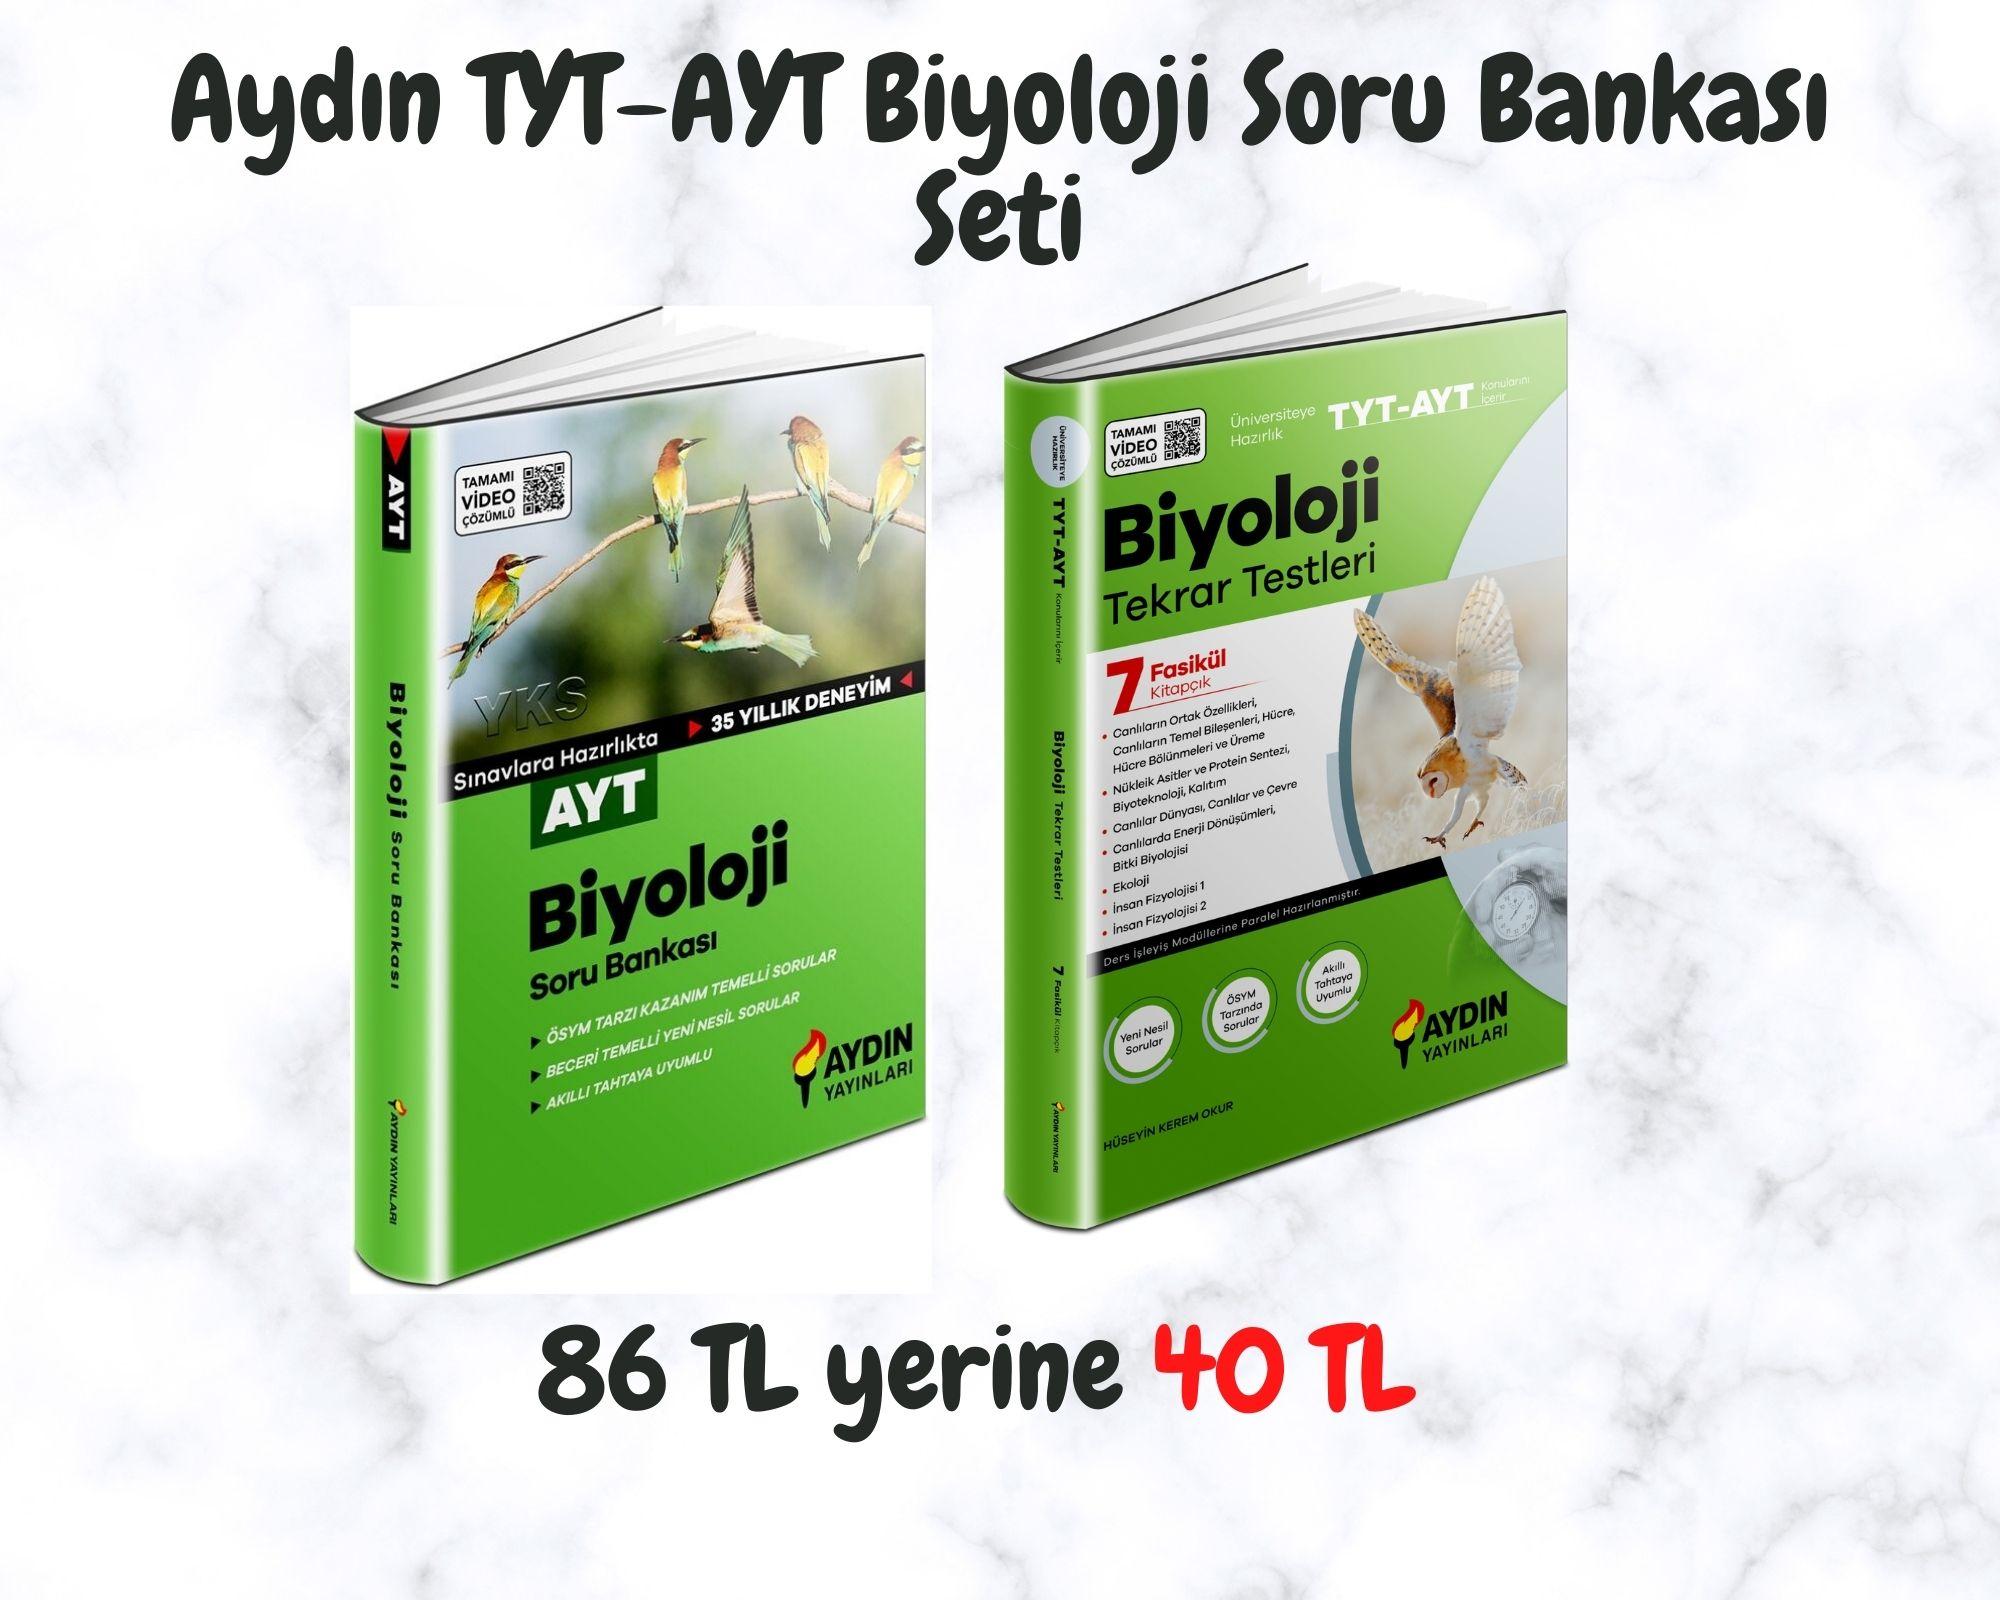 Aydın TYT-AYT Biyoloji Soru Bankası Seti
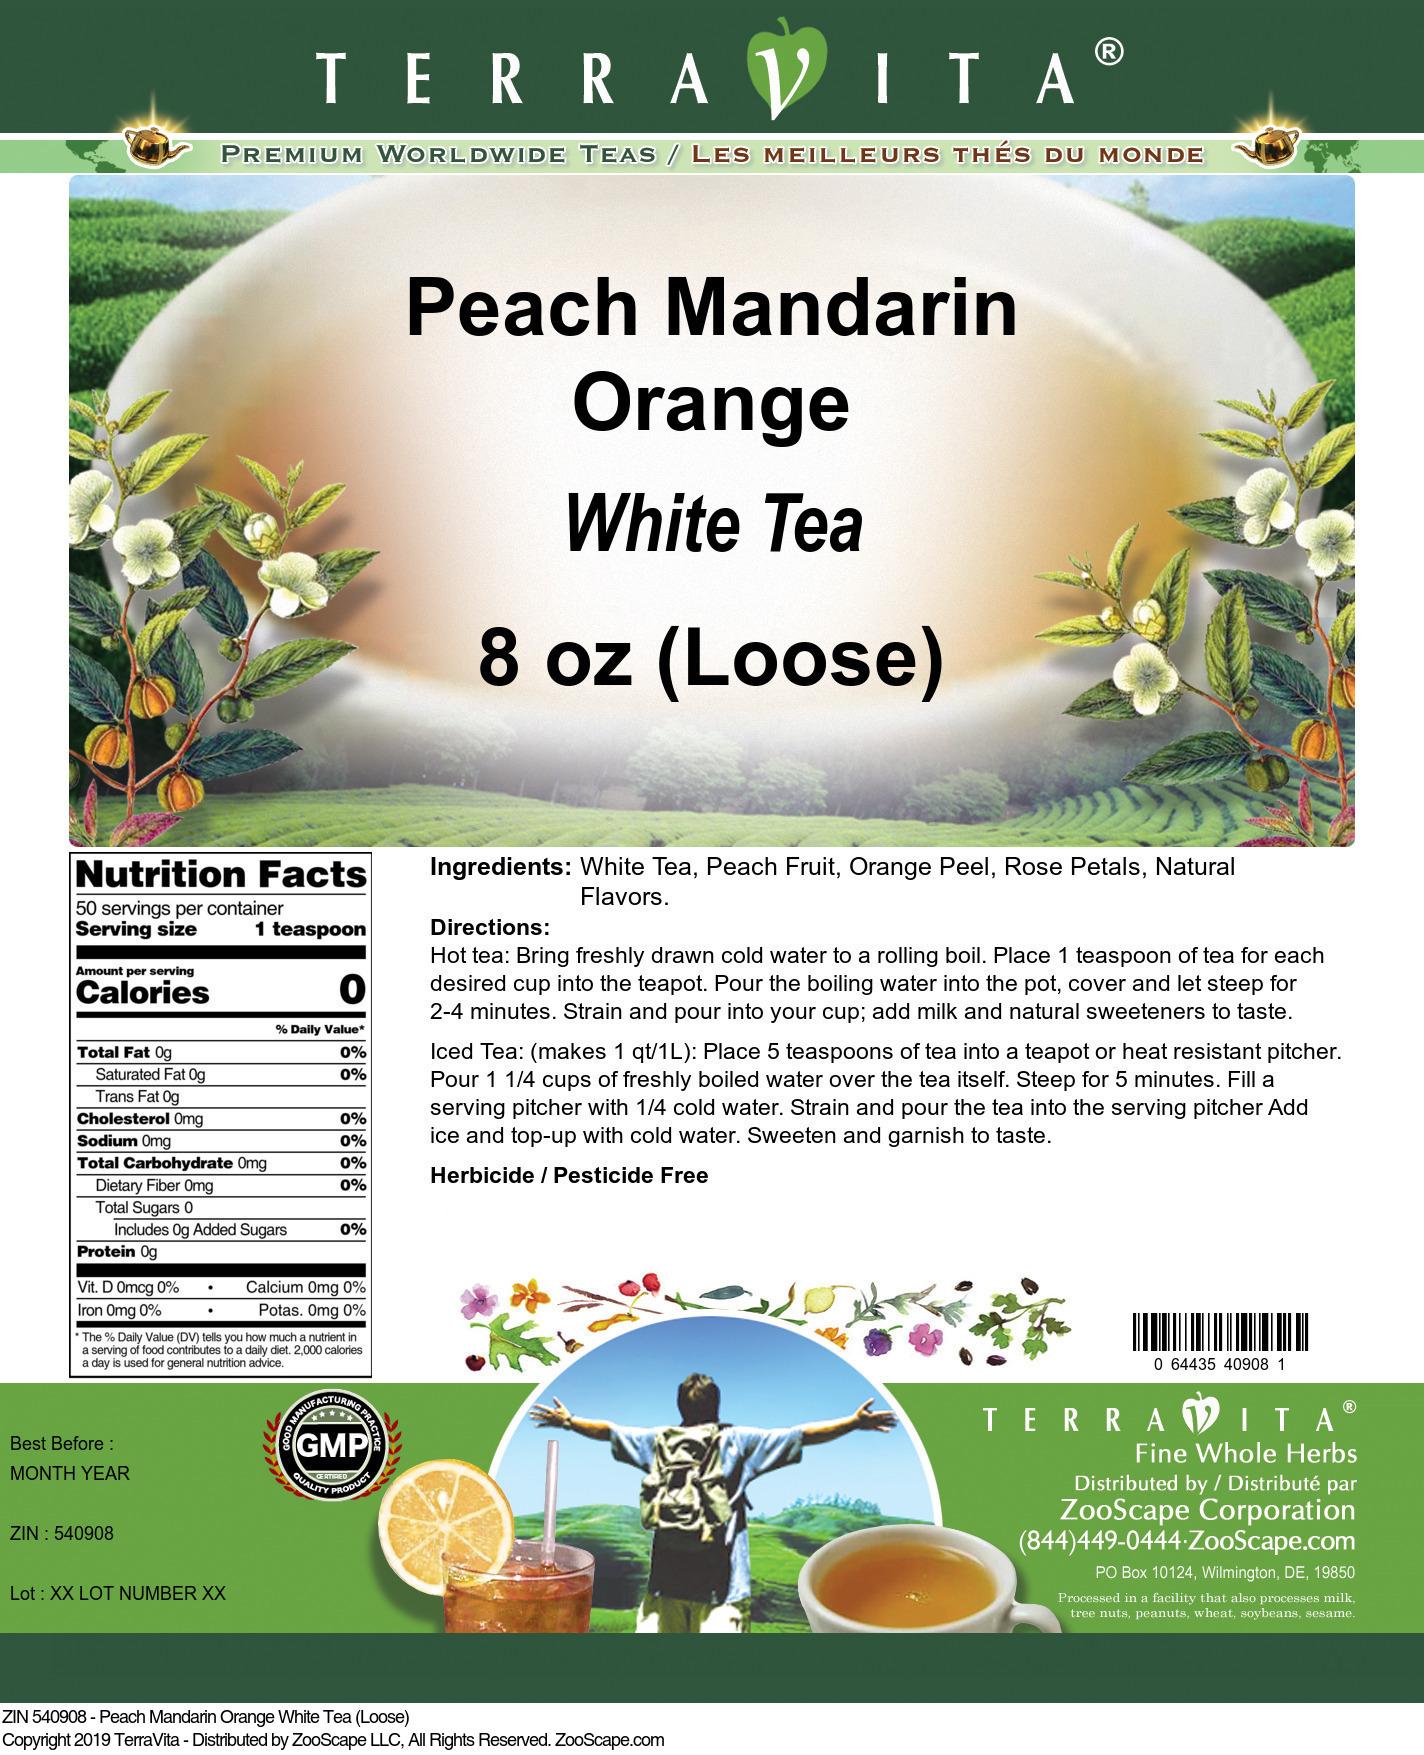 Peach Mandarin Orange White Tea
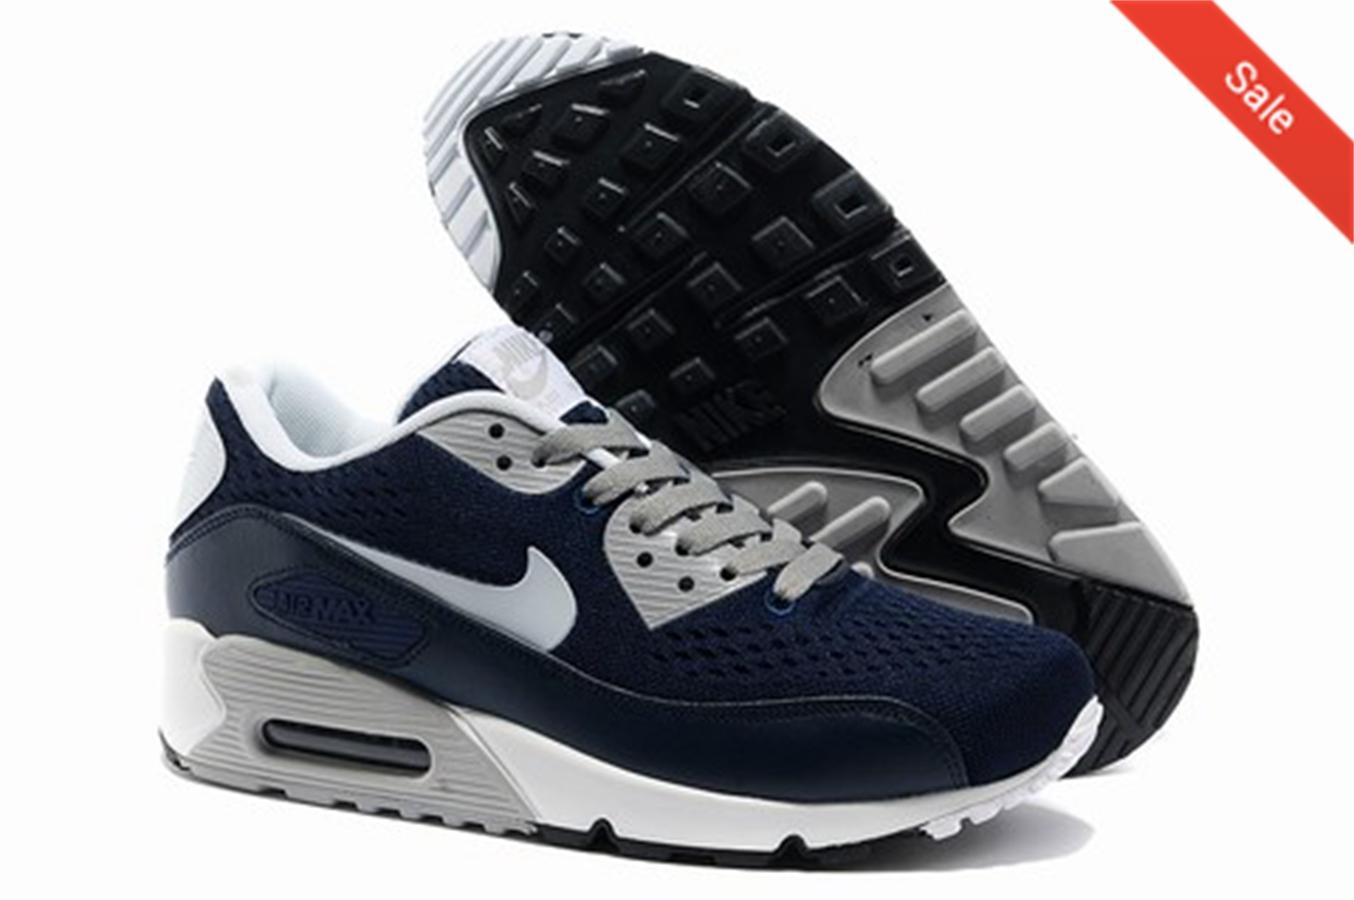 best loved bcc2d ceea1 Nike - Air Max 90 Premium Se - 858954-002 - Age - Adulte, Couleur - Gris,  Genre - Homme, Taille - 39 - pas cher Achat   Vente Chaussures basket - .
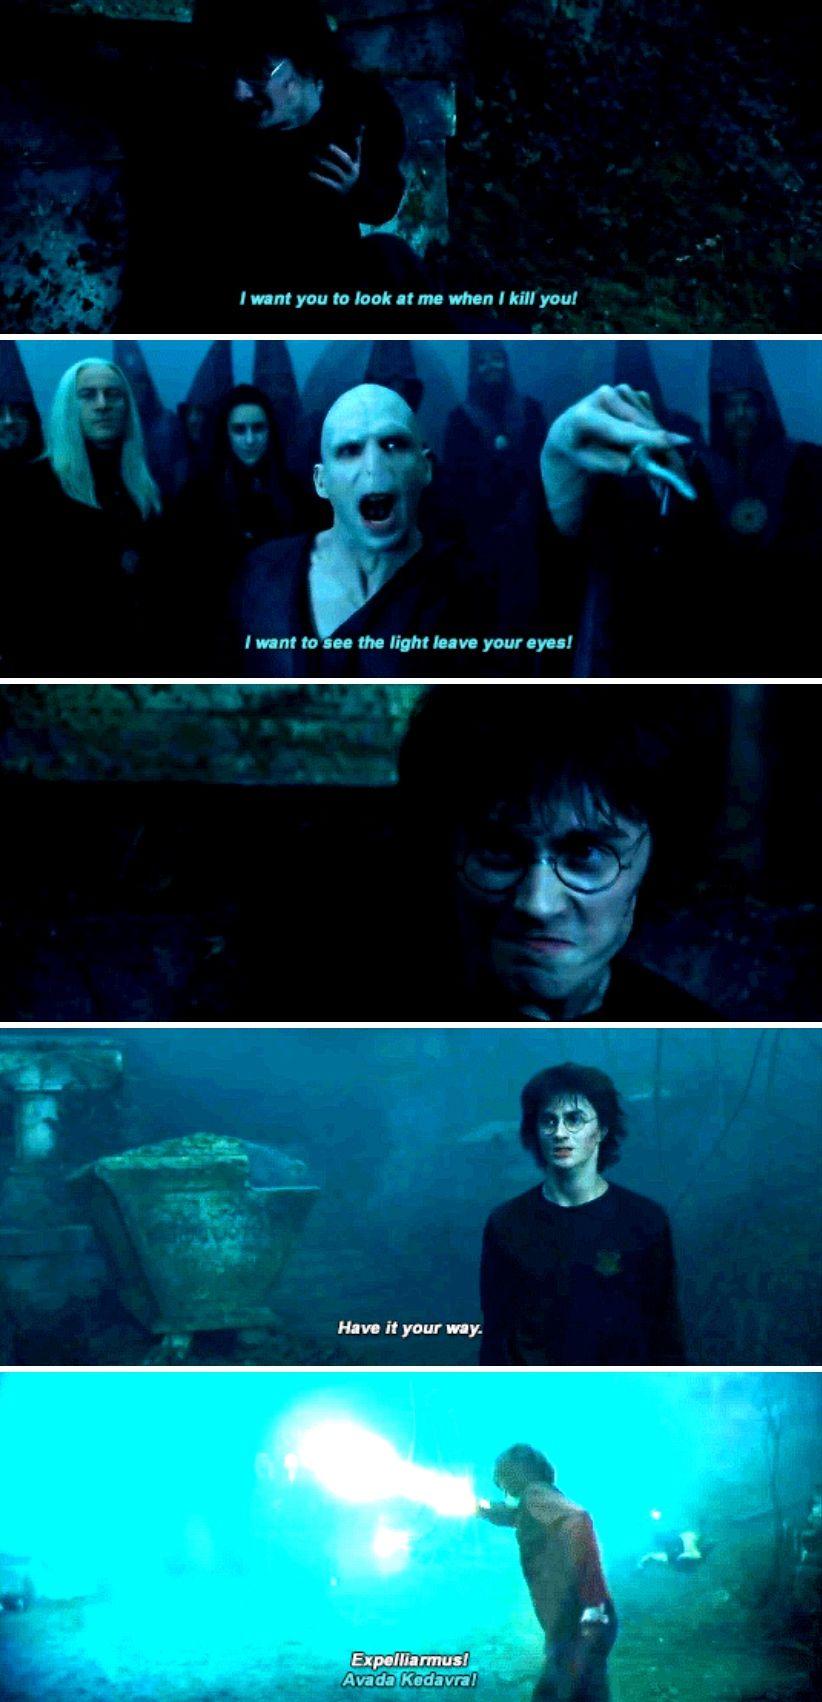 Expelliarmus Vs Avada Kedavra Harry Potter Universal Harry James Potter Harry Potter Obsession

------------------------------

*TASK:* Reproduce, word for word, everything in the listing above except the pictures.

*WRITTEN RESPONSE:*
 Aydın TYT-AYT Biyoloji Soru Bankası Seti
 Peach Mandarin Orange White Tea
 best loved bcc2d ceea1 Nike - Air Max 90 Premium Se - 858954-002 - Age - Adulte, Couleur - Gris,  Genre - Homme, Taille - 39 - pas cher Achat   Vente Chaussures basket - .
 Expelliarmus Vs Avada Kedavra Harry Potter Universal Harry James Potter Harry Potter Obsession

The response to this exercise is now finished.